The order of p-value significance was reversed—* p < 0.01; ** p < 0.05; *** p < 0.10.
The correct legend is as follows: * p < 0.10; ** p < 0.05; *** p < 0.01.
Text Correction
In the published publication [1], the summary statistic percentages reported in subsection 3.1. Data Sample Description, paragraphs 1–3, do not match the percentages reported in Table 1. Descriptive Statistics (Analytical Sample; N = 3690).
A correction has been made to subsection 3.1. Data Sample Description, paragraph 1:
“Table 1 presents a descriptive overview of the surveyed children. The sample exhibits a near-equal gender distribution, with 50.1% male and 49.9% female children. The age of the children spans a wide range, from 0 to 59 months: 22.7% are 0–11 months old, 20.2% are 12–23 months old, 20.6% are 24–35 months old, and 36.5% are 36–59 months old. In terms of birth order, 61.1% were within the 2nd to 5th position, while firstborn children constituted 23.66%. Larger household sizes were more prevalent, with 63.6% of households having 5–9 members.”

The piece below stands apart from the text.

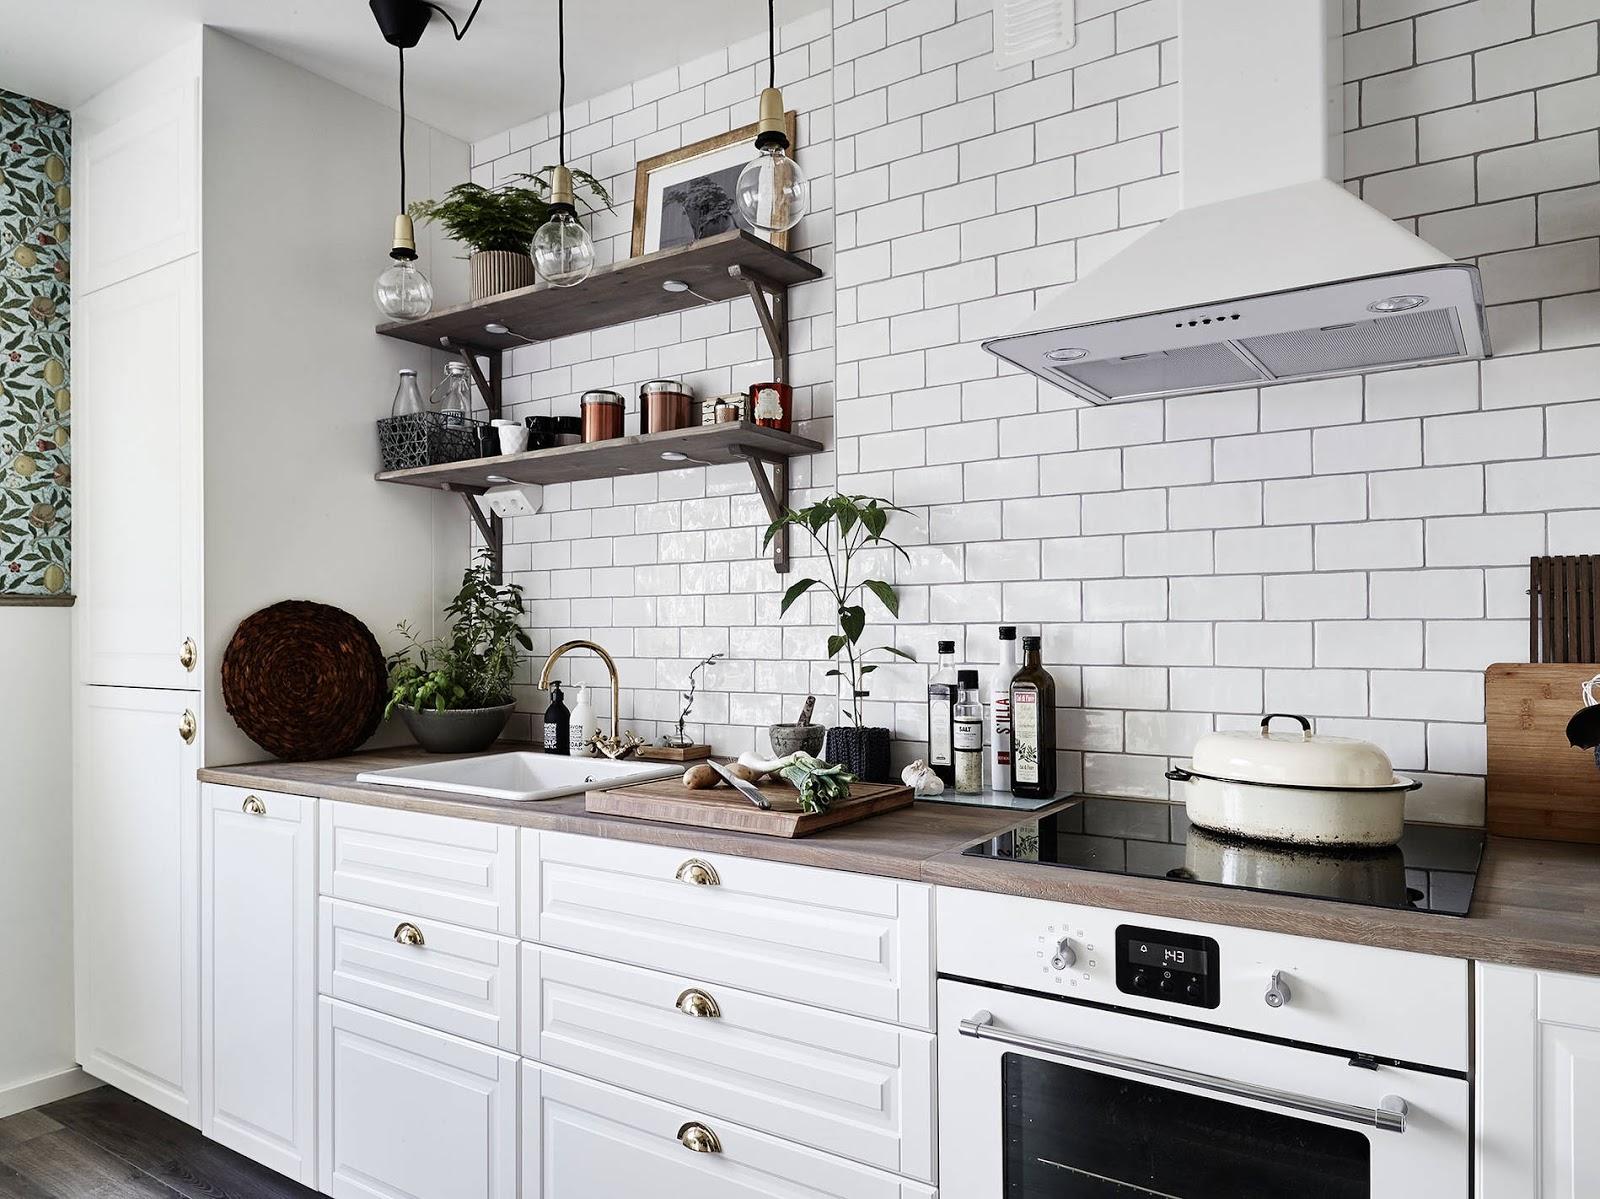 kafelki metro, białe kafelki do kuchni, kafelki prostokąty
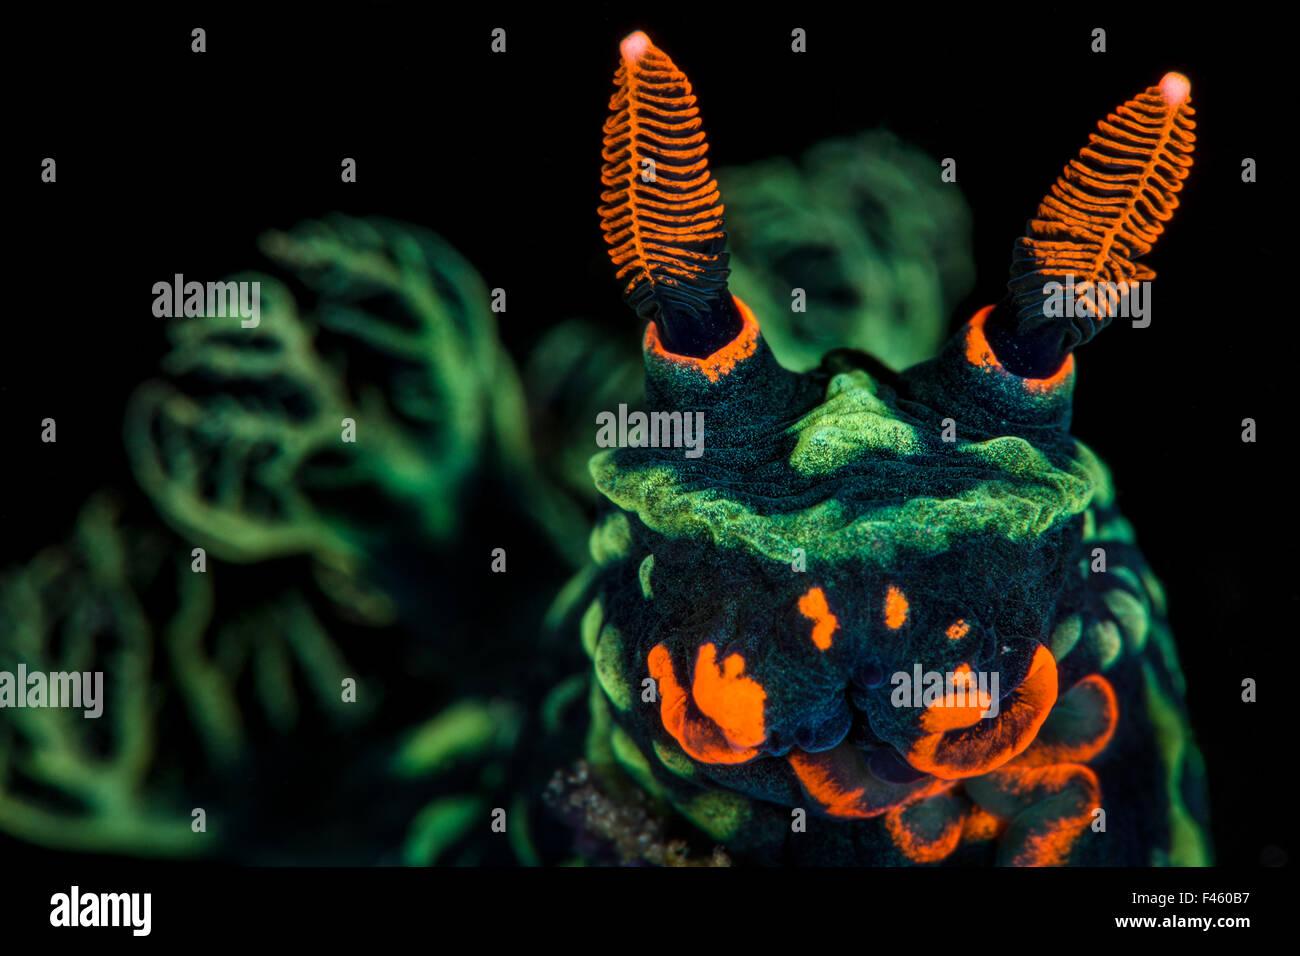 Fort agrandissement photo de nudibranche (Nembrotha kubaryana), montrant des pièces buccales et orange, vert Photo Stock

A correction has been made to subsection 3.1. Data Sample Description, paragraph 2:
“Regarding socioeconomic status, the wealth index shows a relatively even distribution across the five quintiles, ranging from 16.5% in the richest category to 23.17% in the middle category. Religious affiliations were diverse, with Evangelical/Pentecostal being the most common (27.15%), followed by Catholic (23.96%) and Islamic (24.15%). Geographically, the Nampula region had the largest representation (13.66%), while Cidade de Maputo had the smallest (4.36%). The majority of the children resided in rural areas (68.62%).”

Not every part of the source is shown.